START GIVEN RECORDS

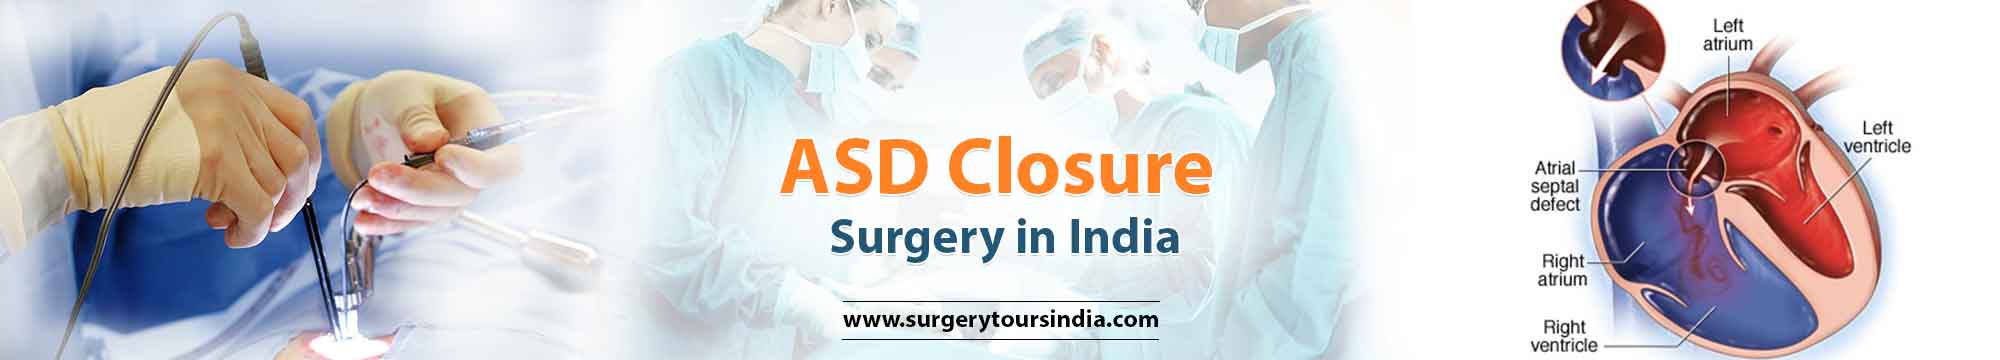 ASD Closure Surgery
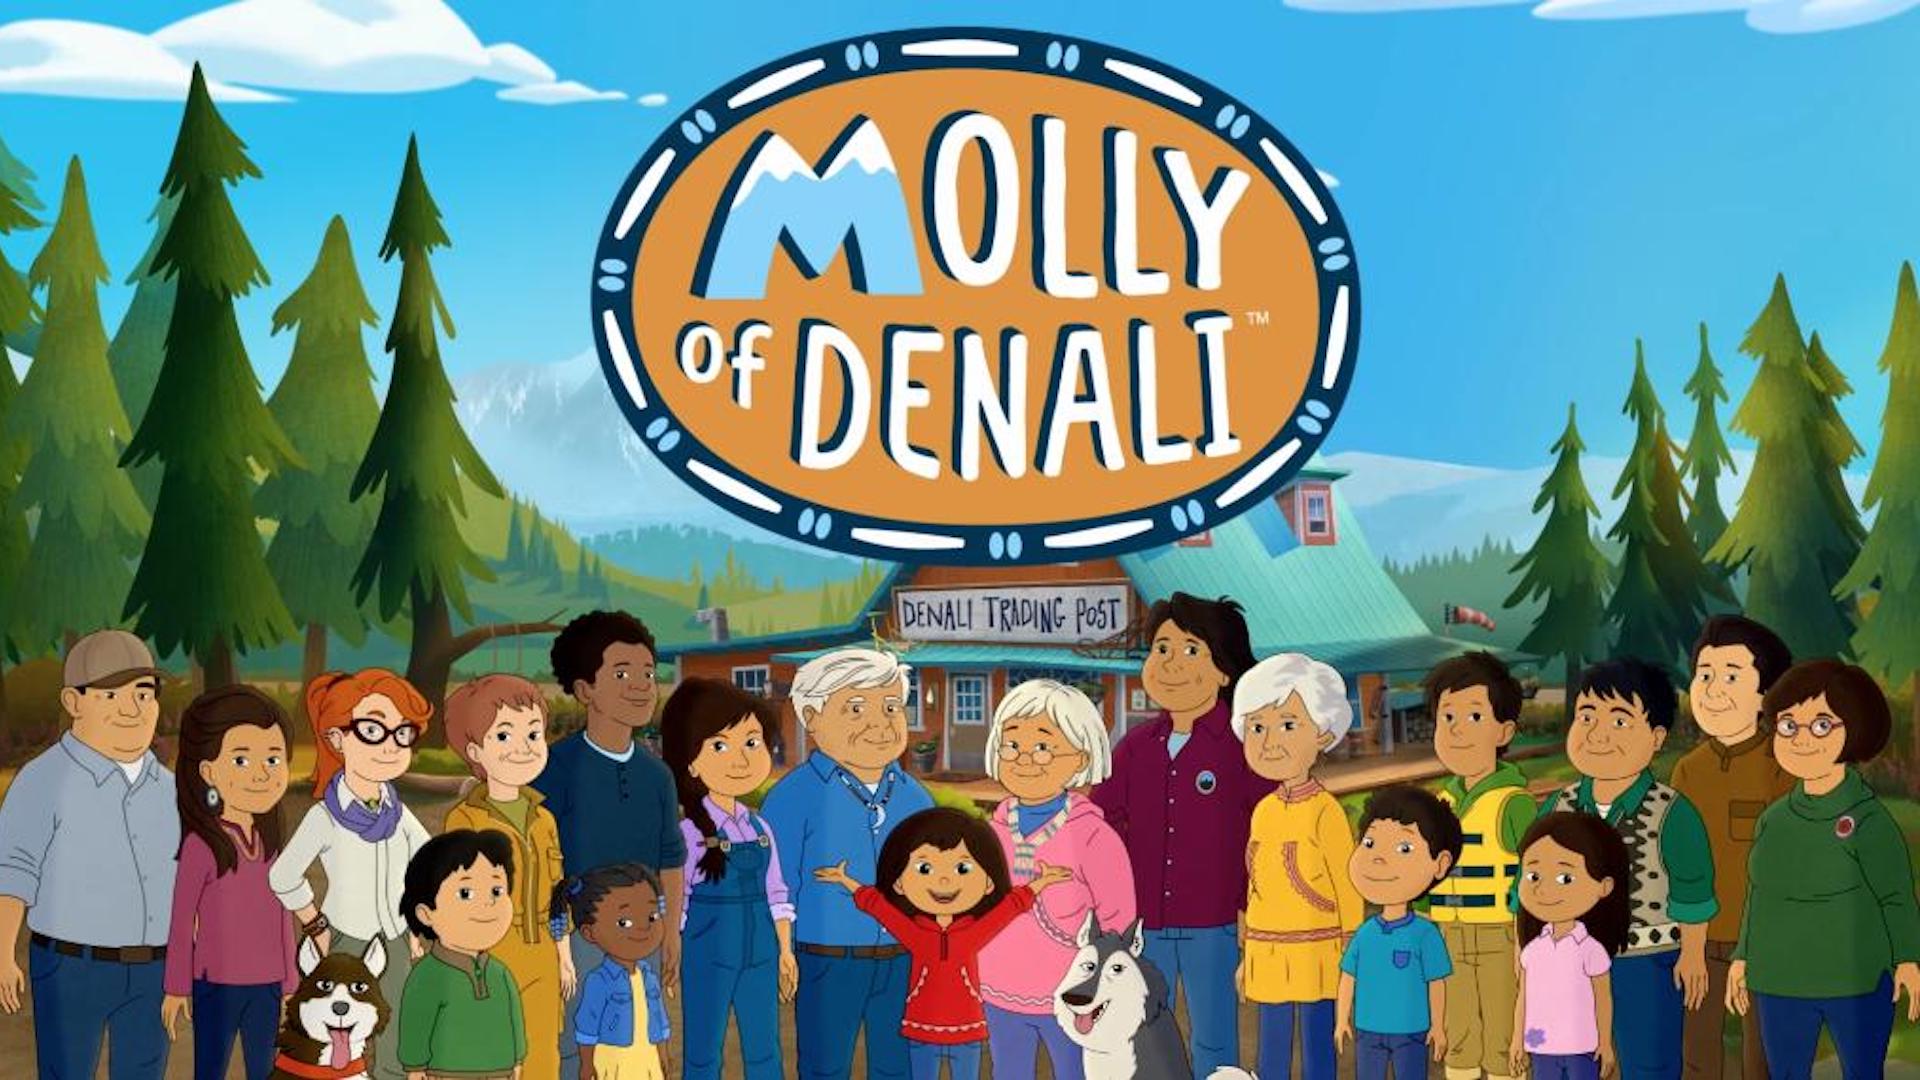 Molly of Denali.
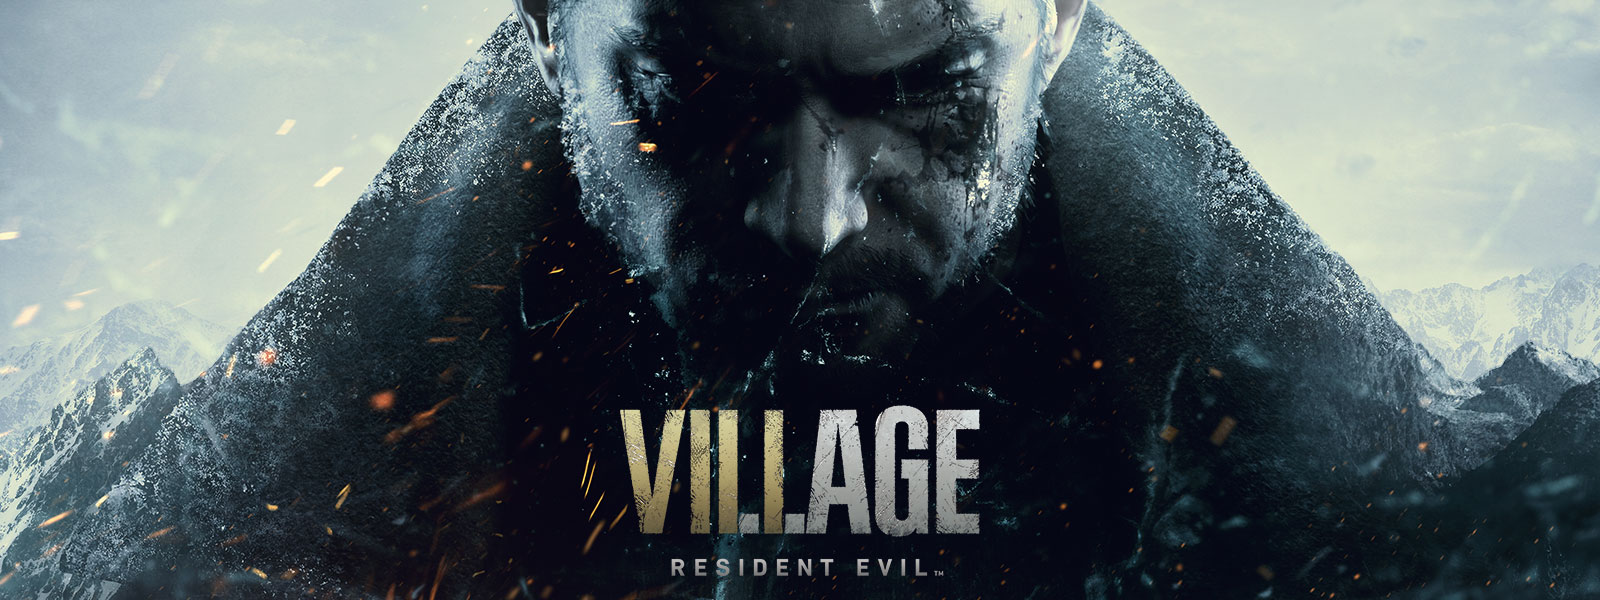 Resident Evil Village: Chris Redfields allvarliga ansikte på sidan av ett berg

END GIVEN RECORDS
START GIVEN RECORDS

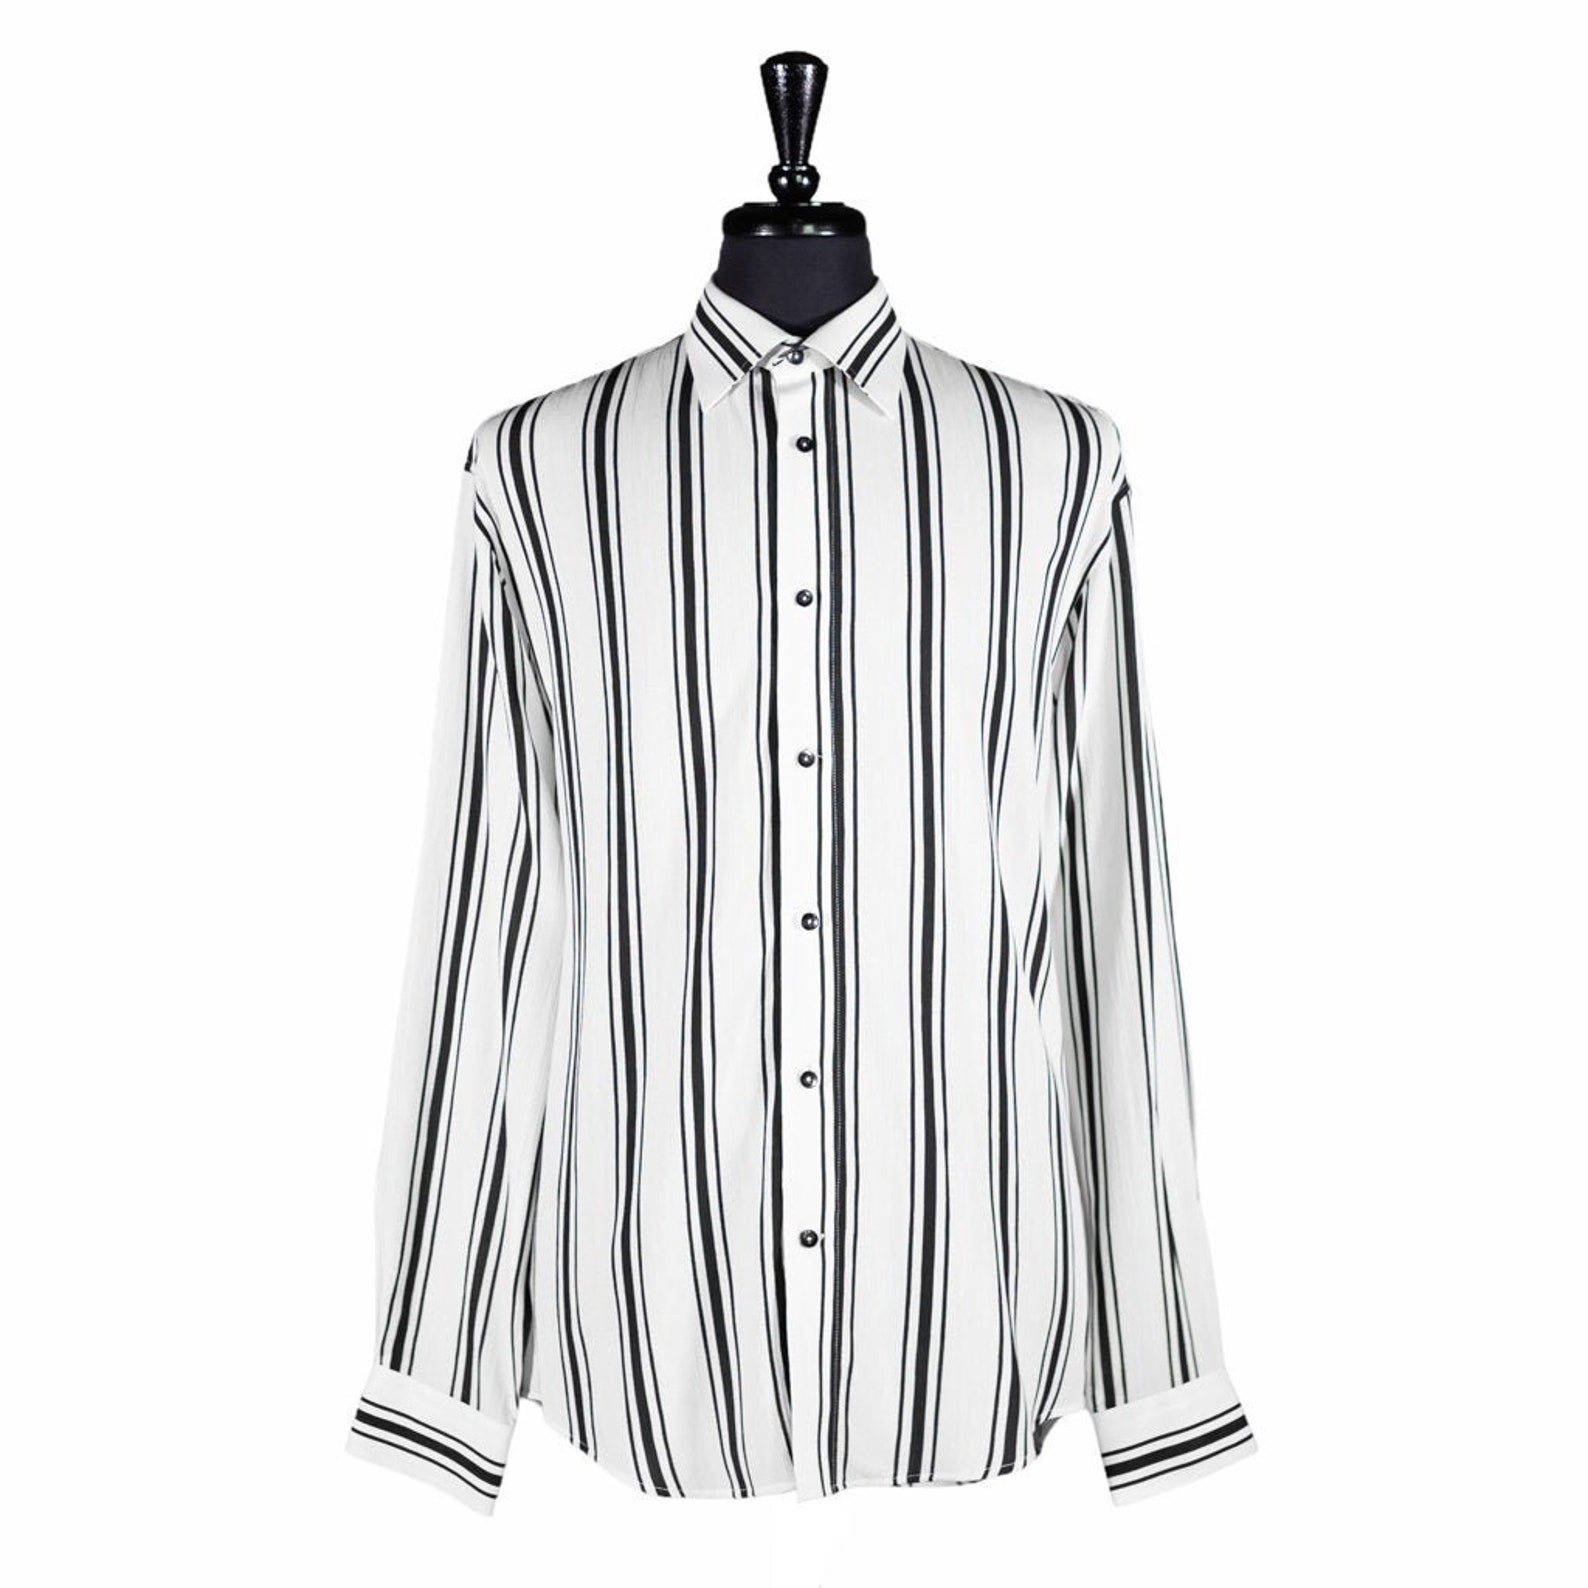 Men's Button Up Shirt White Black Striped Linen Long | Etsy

END GIVEN RECORDS
START GIVEN RECORDS

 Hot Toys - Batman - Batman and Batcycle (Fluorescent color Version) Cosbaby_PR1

END GIVEN RECORDS

**TASK TO COMPLETE**
Leaving out all pictures, set down exactly the lines of the material above, from the line with "Molly of Denali." to the line with "Resident Evil Village: Chris" inclusive, and no others.

**RESPONSE**
 Molly of Denali.
 Resident Evil Village: Chris Redfields allvarliga ansikte på sidan av ett berg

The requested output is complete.